To the right are representative absorption (blue) and emission (red) spectra for the eFluor-605 nanocrystal. The absorption spectrum of nanocrystals displays a number of peaks overlaid on background that rises exponentially toward the ultraviolet, where the lowest energy absorption peak arises from the 1S-1S transition, and has been correlated to the physical size of the quantum dot. Generally referred to as the "1st exciton," and is the primary absorption characteristic used to determine both size and concentration for most quantum dots.

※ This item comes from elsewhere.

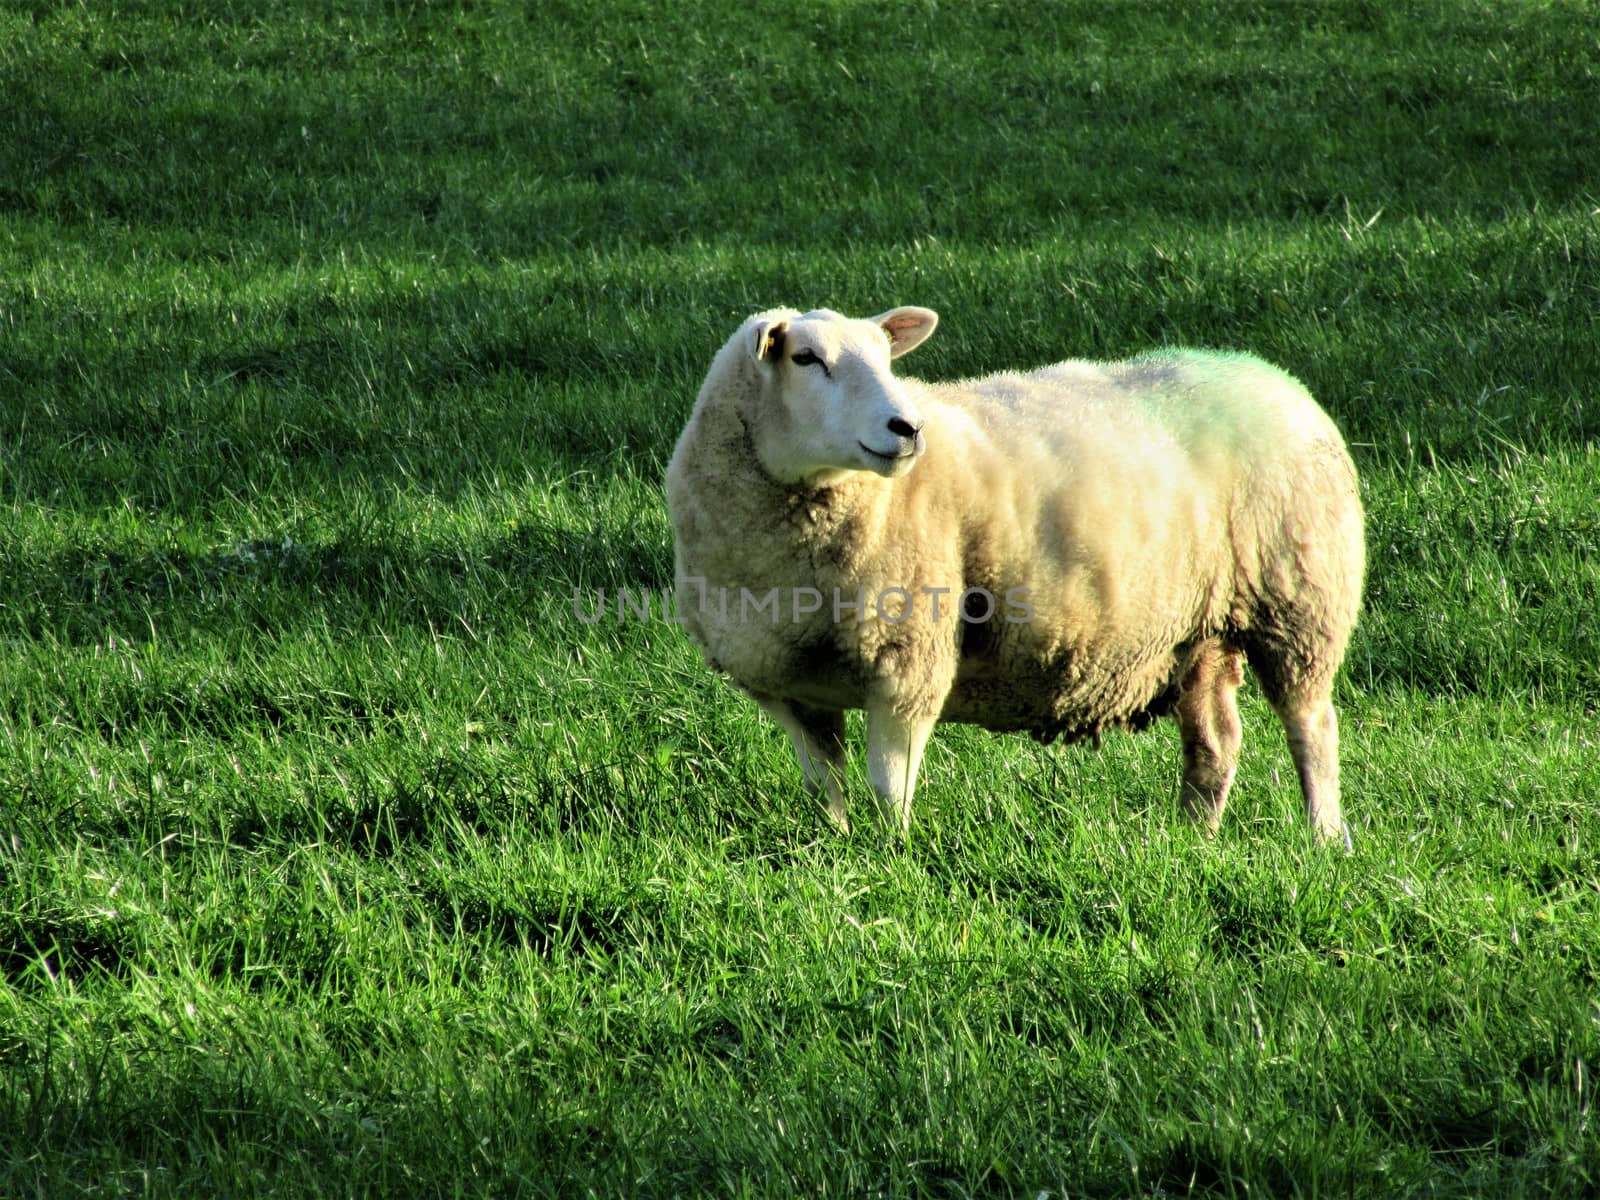 One sheep standing on the green meadow looking around by Luise123

The photoluminescence spectra of quantum dots are also unique relative to organic dyes in that they are typically Gaussian-shaped curves with no red-tailing to the spectrum.  The width of the photoluminescence peak represents the heterogeneity in size dispersion of the quantum dots, where a large size dispersion will lead to broad emission peaks, and tight size-dispersion will lead to narrow emission peaks, often quantified by the full width at half maximum (FWHM) value.  eFluor Nanocrystals are specified at ≤30nm FWHM for the CdSe nanocrystals, and ≤70nm FWHM for the InGaP eFluor 700 nanocrystals.